Sie that keinen Schritt; sie blieb stumm. Und der Vater forderte
mich auf zu sehen: die vielen kleinen Jahresschuhe der Kinder! unter
durchsichtigen Florstaubschleier. Das war wohl liebliche Waare! Dann
eben so die schneeweißen kleinen Strümpfchen, wie für Lämmchen; dann
die kleinen Kinderhäubchen alle; rosig, himmelblau, grasgrün, golden
-- und die Schneeweißchen, Tauf- oder Westerhemdchen mit Spitzen.
Lieblich! -- Dann mußte ich die Reihe Puppen sehen, zerspielt, mit
ernsten Gesichtchen: jede ihren Namen aus dem Kinderparadiese,
großgeschrieben in der ausgestreckten steifen Hand! -- Hier, das erste
Gestricke der Kleinen! Dort das erste gesponnene Garn, vom Vater
Katzengarn genannt. Und von der Decke hingen die Christbäume alle,
jeder mit seiner Jahrzahl, vertrocknet, fast nadellos; die paar Nadeln
daran gelb und braun, wie Haare in einer Gruft! Auf den Zweigen noch
die Enden der Wachstocklichtchen, die goldenen und bunten Rosen, und
die Zuckermännchen und Weibchen. -- Dann wieder die ausgestopften
Vögel, die einstige Freude der Kinder: Rothkehlchen!... Zeisig!...
Staar!... Kanarienvogel! Dabei ein Lämmchen, ein kleines Hündchen,
ein Eichhörnchen. Das war wohl lieblich! Mir war so, als wäre ich
in den Himmel gekommen, in das Zimmer, worin der Kindervater seinen
unsterblichen Vorrath hat, und daraus immer den Menschenkindern
herabfliegen, herabbringen läßt, was ihnen Freude macht. Aber da
lagen noch im Sonnenschimmer auf blauer Seide gebettet, unter hellen
Glasglocken, die ~Kinderhärchen~! Das war wohl lieblich!
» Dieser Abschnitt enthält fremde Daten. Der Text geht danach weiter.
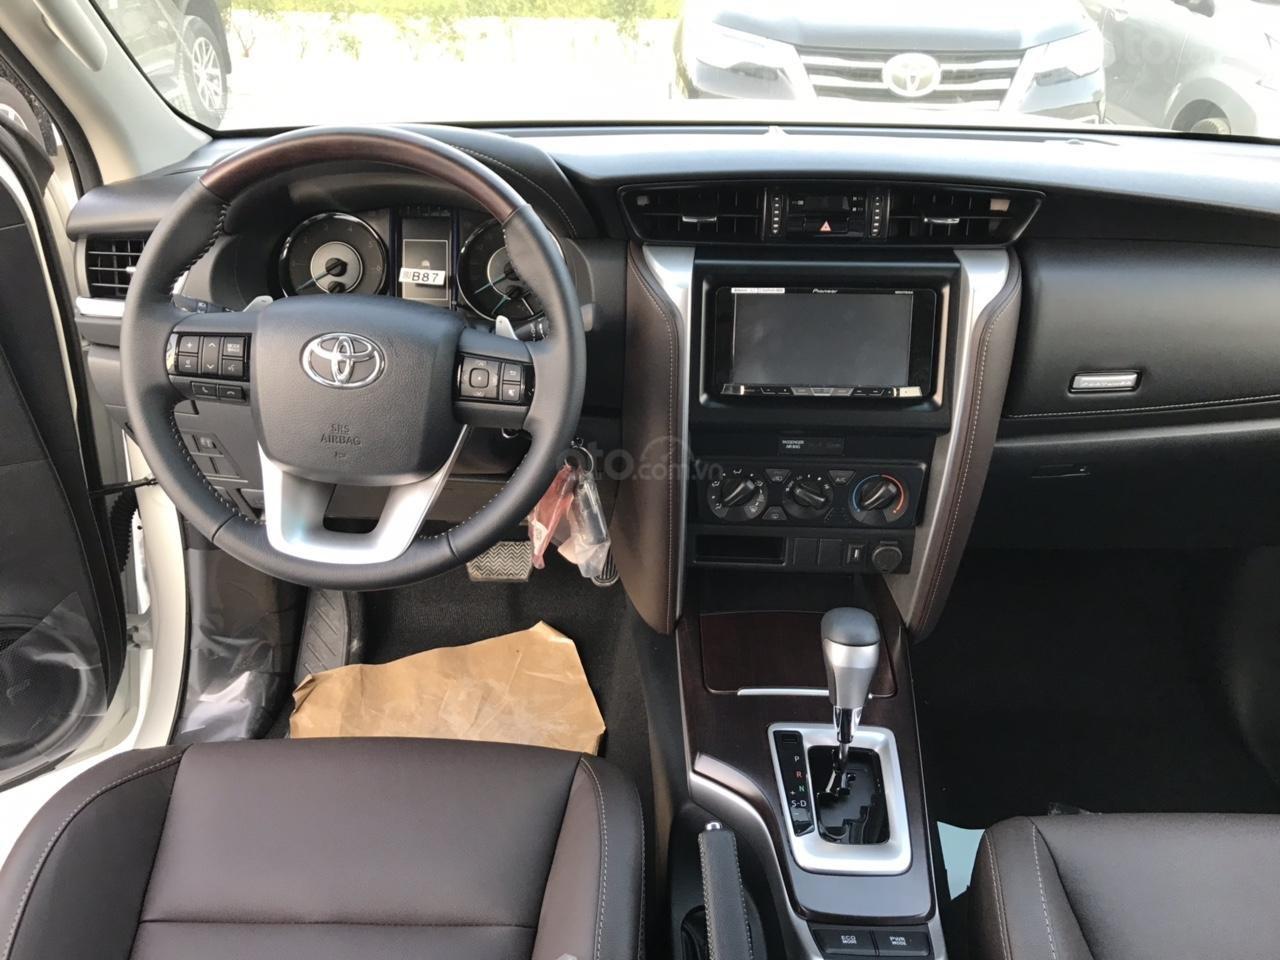 Toyota Fortuner 2.4 G số tự động 1 cầu 2020 tặng thuế TB, tặng BHVC + phụ kiện cao cấp, trả góp từ 300tr - LH 0942456838 (4)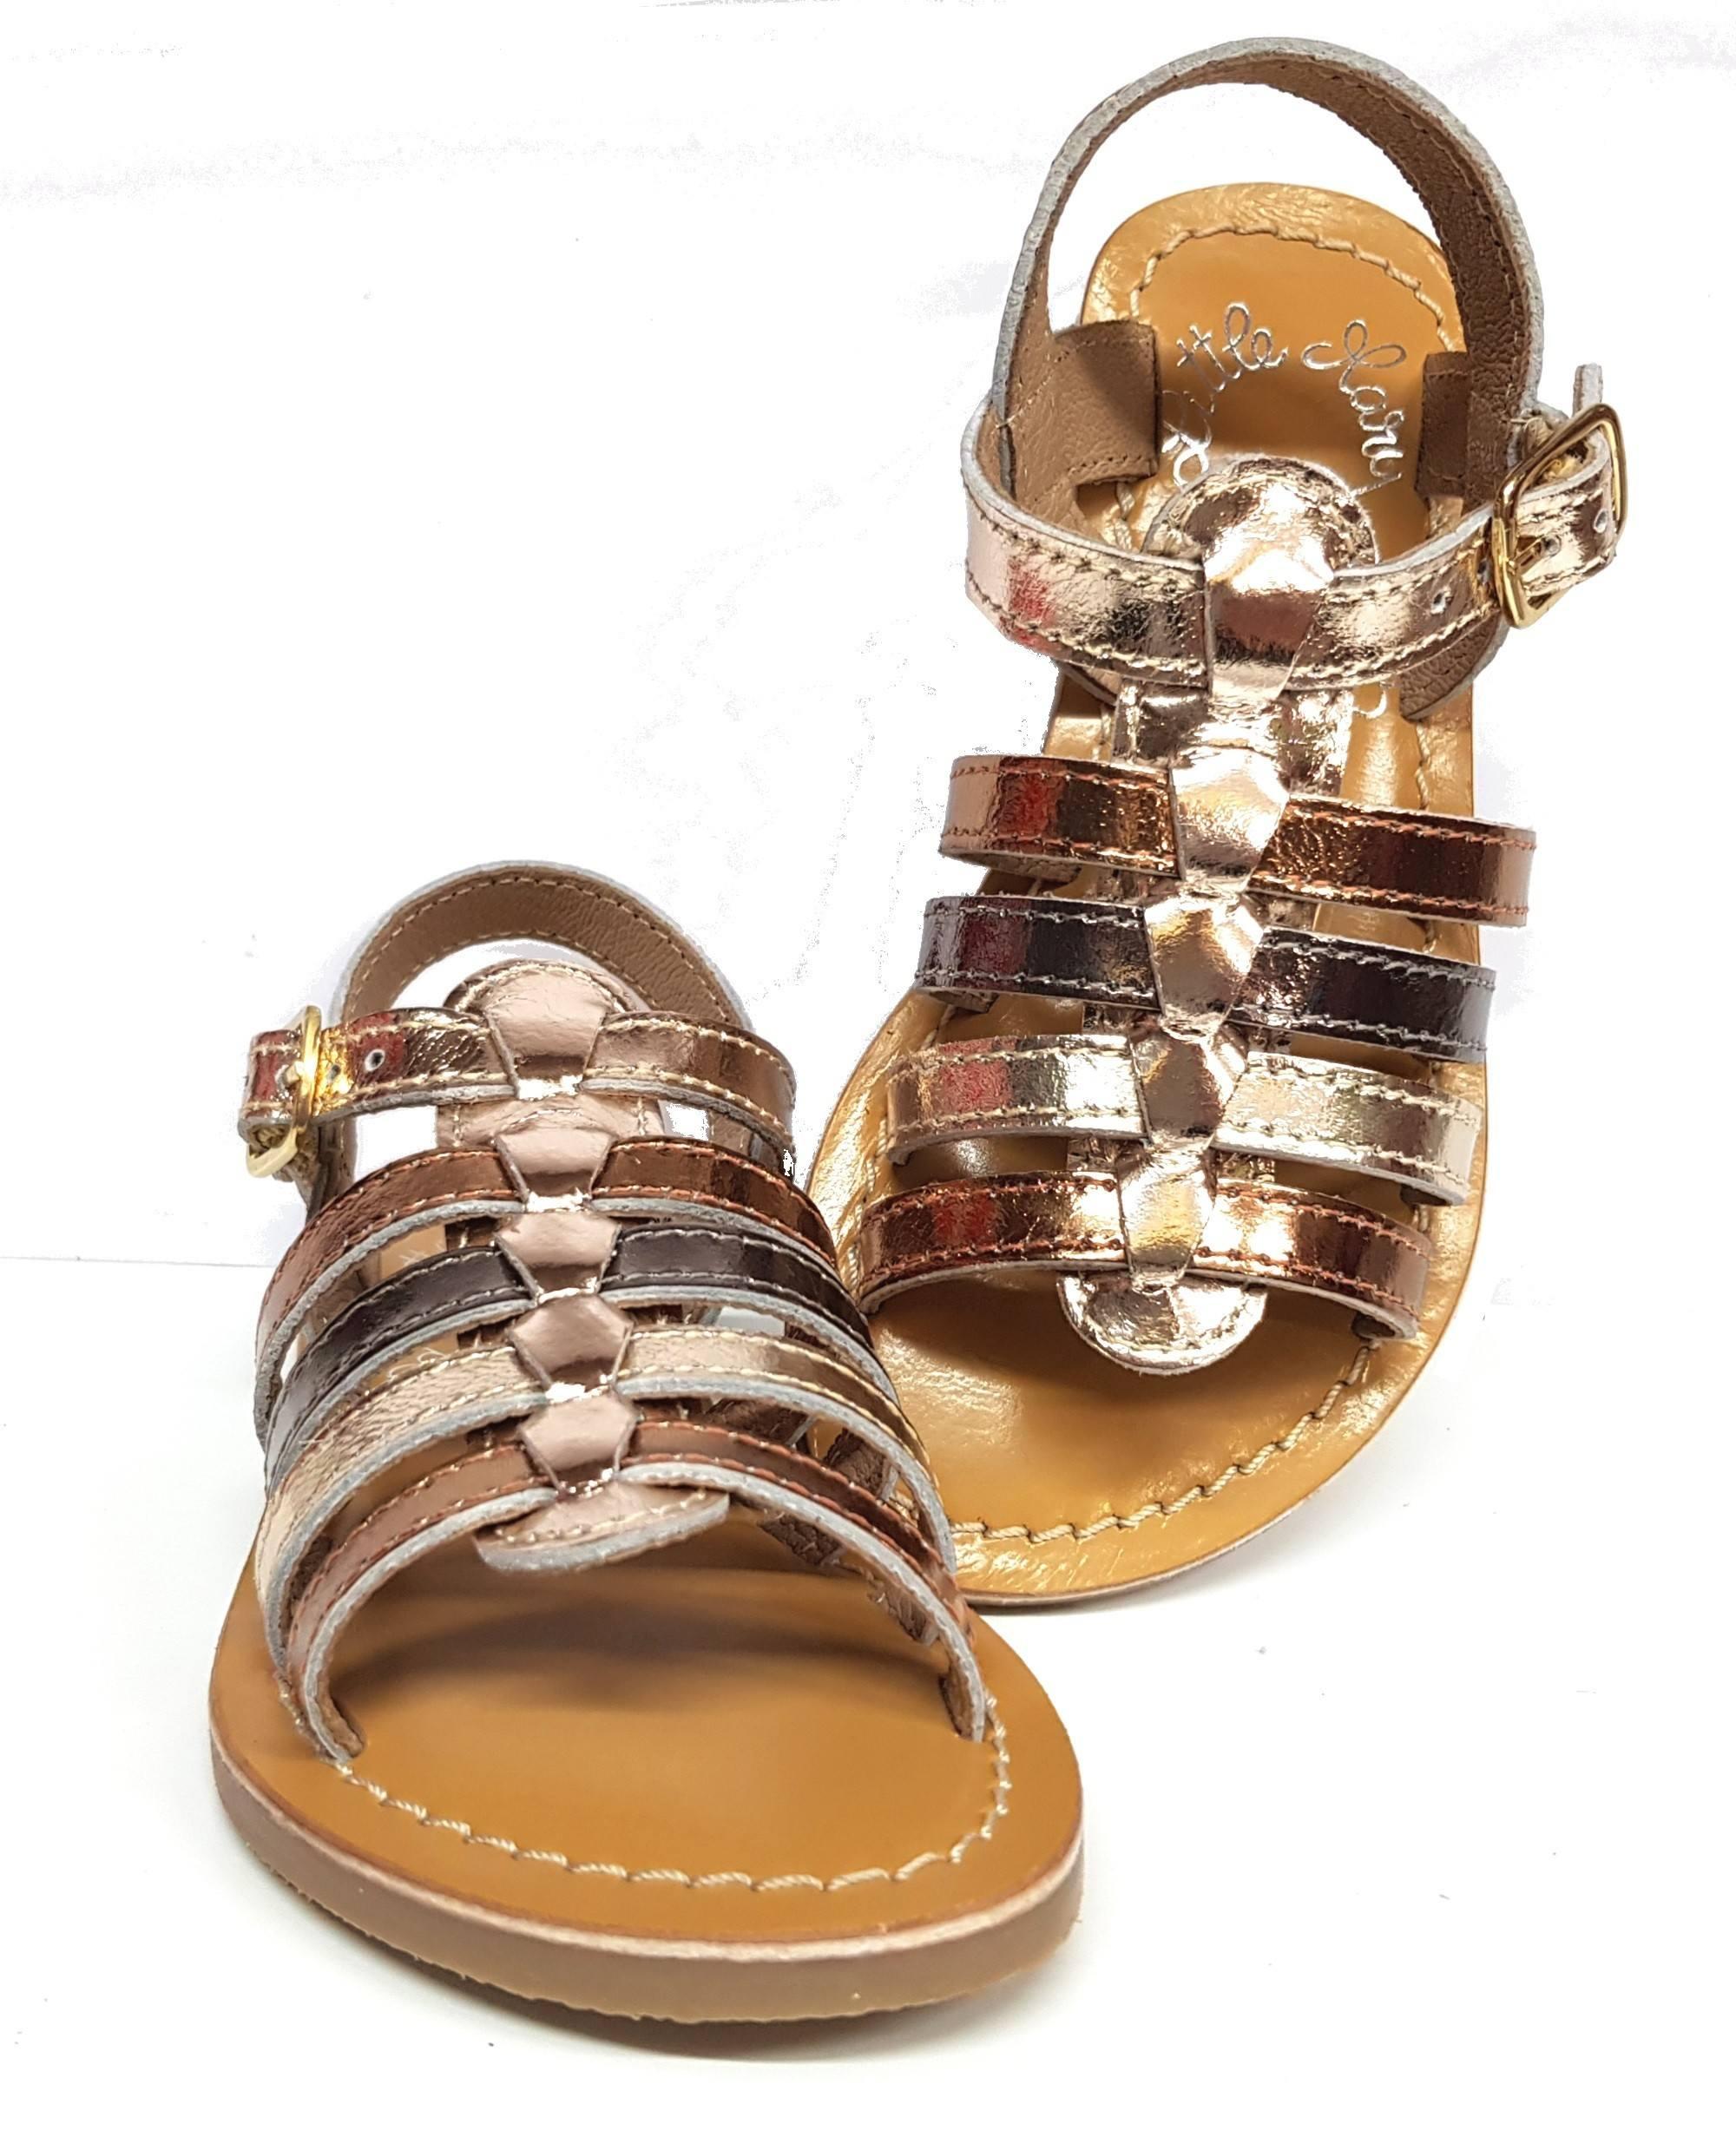 nu-pied Barbade Little Mary en cuir métal bronze, cuivre et or fermé par 1 bride à boucle

Rings umher
aus den goldenen Rahmen aber sahen noch ~die Bilder~ der Kleinen
lächelnd in ihre Kindertage! Und so stand auch der Vater, der jetzt
Arminia erblickte und sie zu uns winkte. Sie kam. Der Kukuk rief wieder
-- dieser Schutzheilige, Allgegenwärtige in den Frühlingen der Jugend
und des Alters, der Vogel der Hoffnung und der Erinnerung -- und
erweckte uns die Gefühle von gestern.

Sie stand vor uns. Aber nicht etwa ein Lächeln war unter ihrem Gesicht
verborgen. Und der Vater sprach:... Und Tochter, Du dankst nicht
unserem Freunde?

Ihre Glieder regten sich zu einer Bewegung, die gleichsam im Keime, im
Hervorbrechen erstickte. Doch reichte sie mir die Hand und bemühte sich
mir in die Augen zu sehen.

Das ist schon mein Weib! sprach meine Seele heimlich jauchzend zu mir.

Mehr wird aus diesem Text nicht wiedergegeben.